Replies are listed 'Best First'.
Re: Check for "unix2dos" (CRLF) in binary files
by Aristotle (Chancellor) on Sep 17, 2004 at 07:19 UTC
    #!/usr/bin/perl use strict; use warnings; for my $file ( @ARGV ) { my ( $lf, $crlf ) = ( 0 ) x 2; open my $fh, '<', $file or die "open $file: $!\n"; local $_ = " "; while ( read $fh, $_, 65536, 1 ) { $lf += @{ [ /(?<!\x0d)\x0a(?!\x0d)/g ] }; $ctlf += @{ [ /\x0a\x0d/g, /\x0d\x0a/g ] }; $_ = chop; } print "$file: $lf LF, $crlf CRLF\n"; }

    Makeshifts last the longest.

      I wouldn't have thought it was necessary to look for "LFCR" as well as "CRLF" -- it seems to me the "\x0d" always comes first in the pair, and I don't recall ever seeing it the other way around. (I wonder if/when we'll start seeing a utf-16 version of unix2dos... heaven help us.)

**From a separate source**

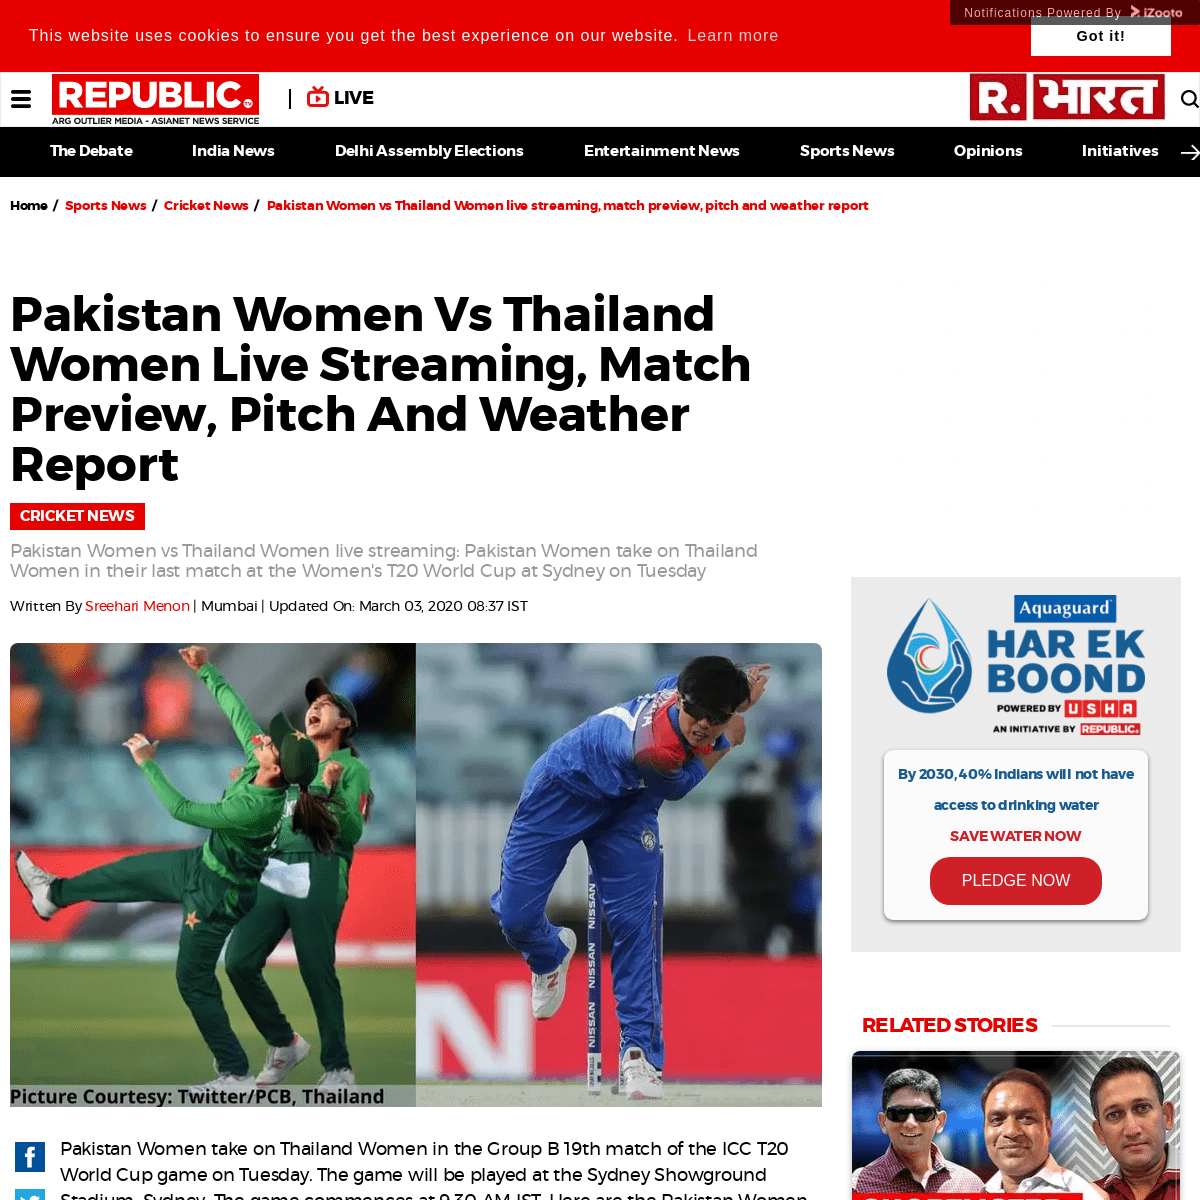 A complete backup of www.republicworld.com/sports-news/cricket-news/pk-w-vs-tl-w-live-streaming-match-preview-pitch-weather-repo

      Apart from that, using a fixed-length read certainly is a good idea, for cases when files are really big and 0x0A's happen to be really few and far between (or non-existent). And your use of "$_ = chop" to cover the buffer edges is a nice trick. Thanks!

        I think I saw it that way around about once or twice. It's not particularly costly to lump that in, since the regex engine will shortcircuit to a very fast simple search for fixed strings, but I guess I'm just paranoid.

        The fixed record read is almost certainly a win, even with frequent LFs. In a 64k file full of LFs, the while loop will only iterate once, as opposed to 65536 times. All actual iteration is implicit in the regex engine, which is much faster. Now if there was a way to just ask for the number of matches without storing them anywhere, that would be even better. Maybe this does the trick:

        $lf += s/(?<!\x0d)\x0a(?!\x0d)/x/g; $ctlf += s/\x0a\x0d/xx/g + s/\x0d\x0a/xx/g;

        I'm hoping here that replacing with a same-length string will keep the engine from wasting too much effort shuffling the string guts in memory. If it's slower than the match+capture method, one could at least avoid the overhead of constantly setting up and tearing down anonymous arrays by changing the relevant statements to

        $lf += @match = /(?<!\x0d)\x0a(?!\x0d)/g; $ctlf += @match = ( /\x0a\x0d/g, /\x0d\x0a/g ] );

        and declaring @match just once at the top of the script.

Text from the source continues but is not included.